Task material>
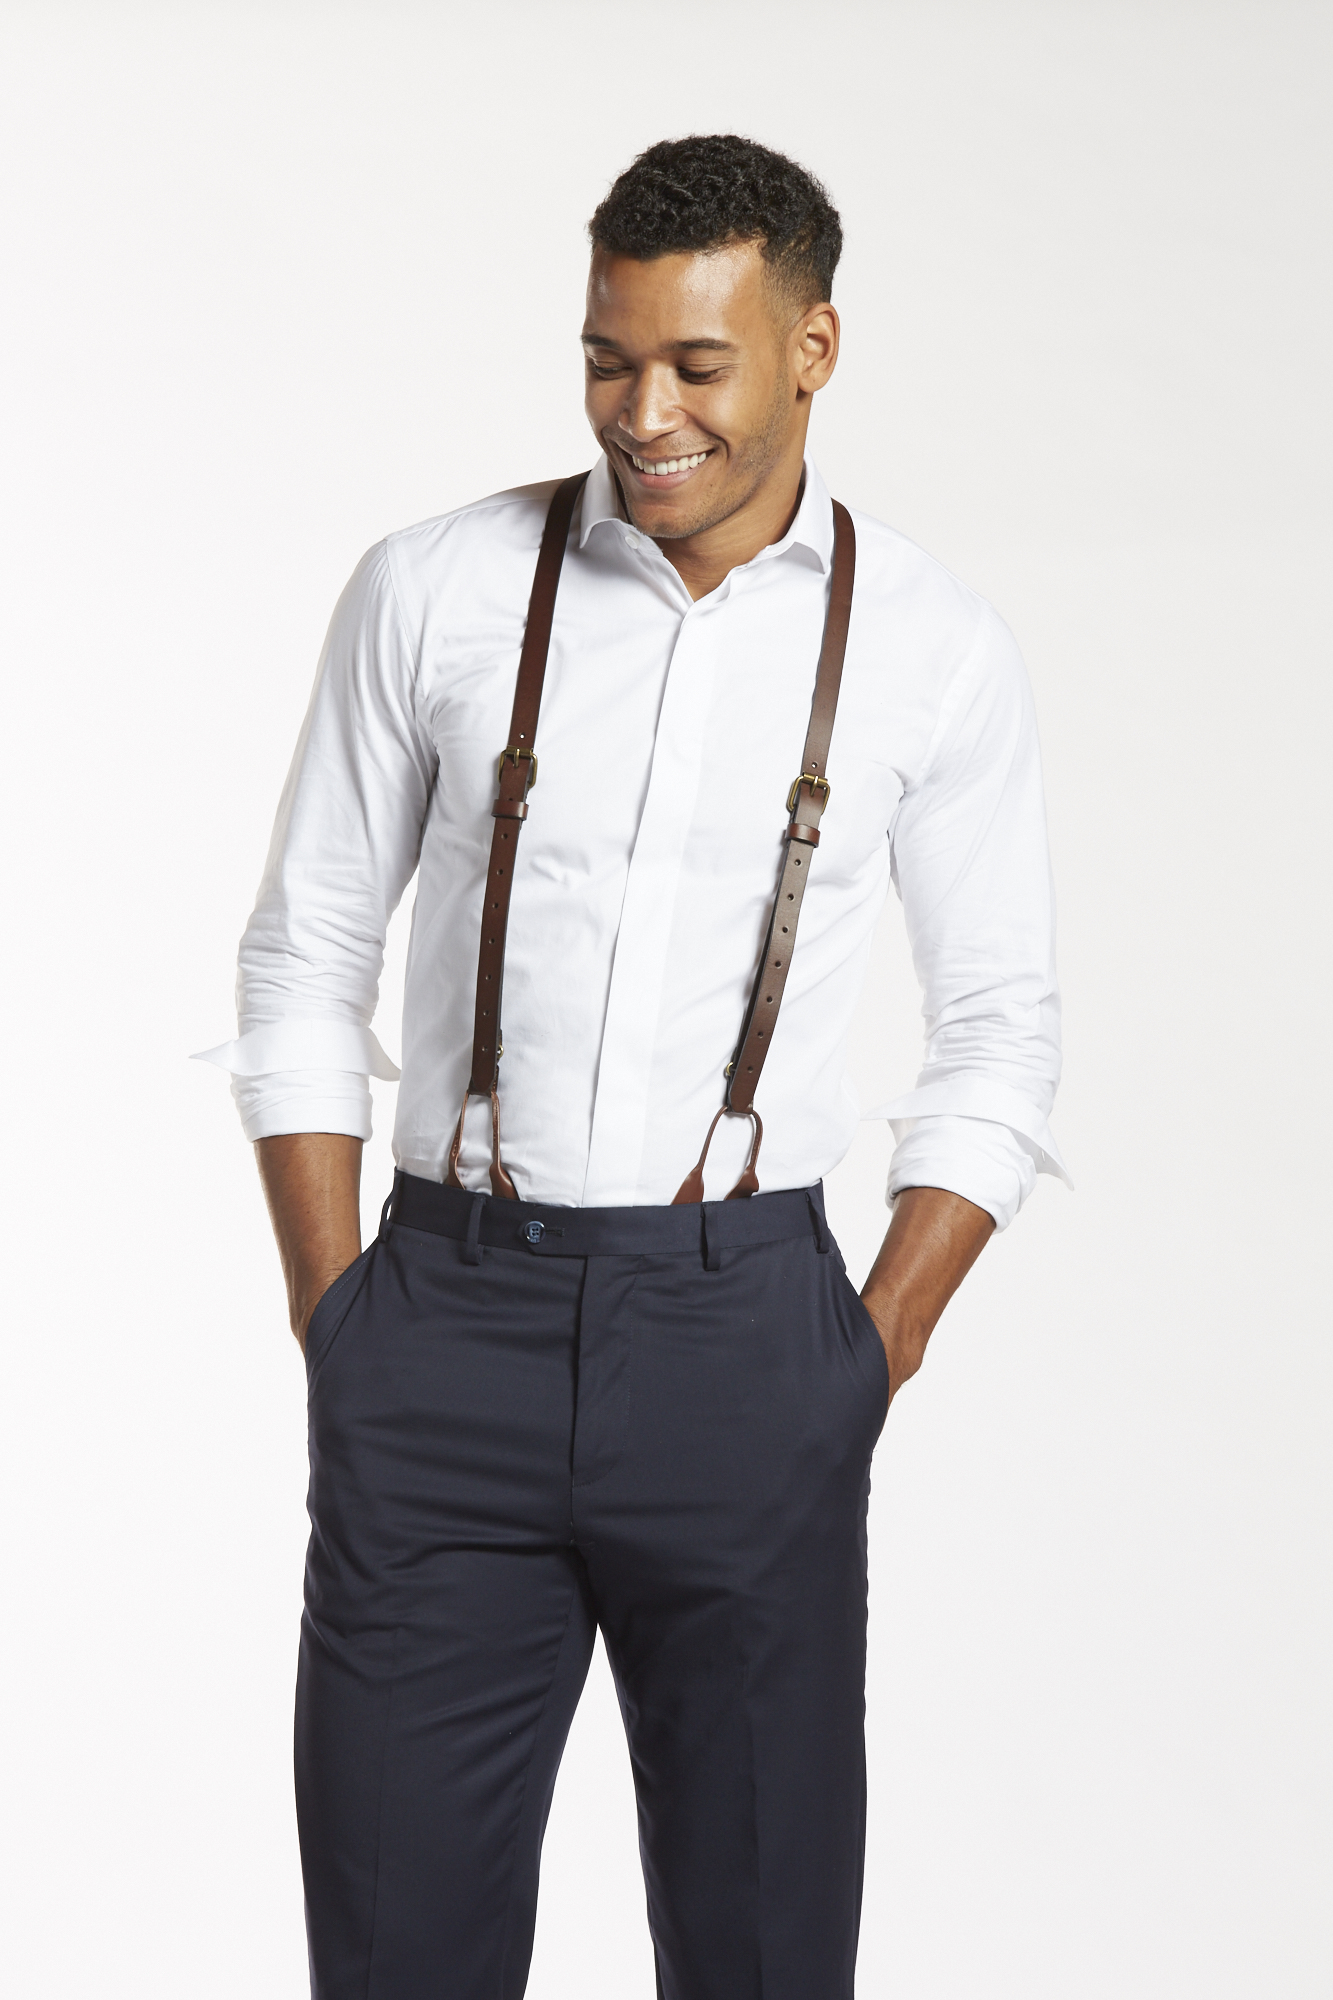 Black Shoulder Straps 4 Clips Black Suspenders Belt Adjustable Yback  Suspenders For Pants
* * *
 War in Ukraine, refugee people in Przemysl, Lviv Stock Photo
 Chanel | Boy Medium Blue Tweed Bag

Exercise directions> Write out only the lines that run from the line containing "War in Ukraine, refugee" through the line containing "Chanel | Boy Medium Blue Tweed Bag", both included, exactly as they appear above.

Output for this task>
 War in Ukraine, refugee people in Przemysl, Lviv Stock Photo
 Chanel | Boy Medium Blue Tweed Bag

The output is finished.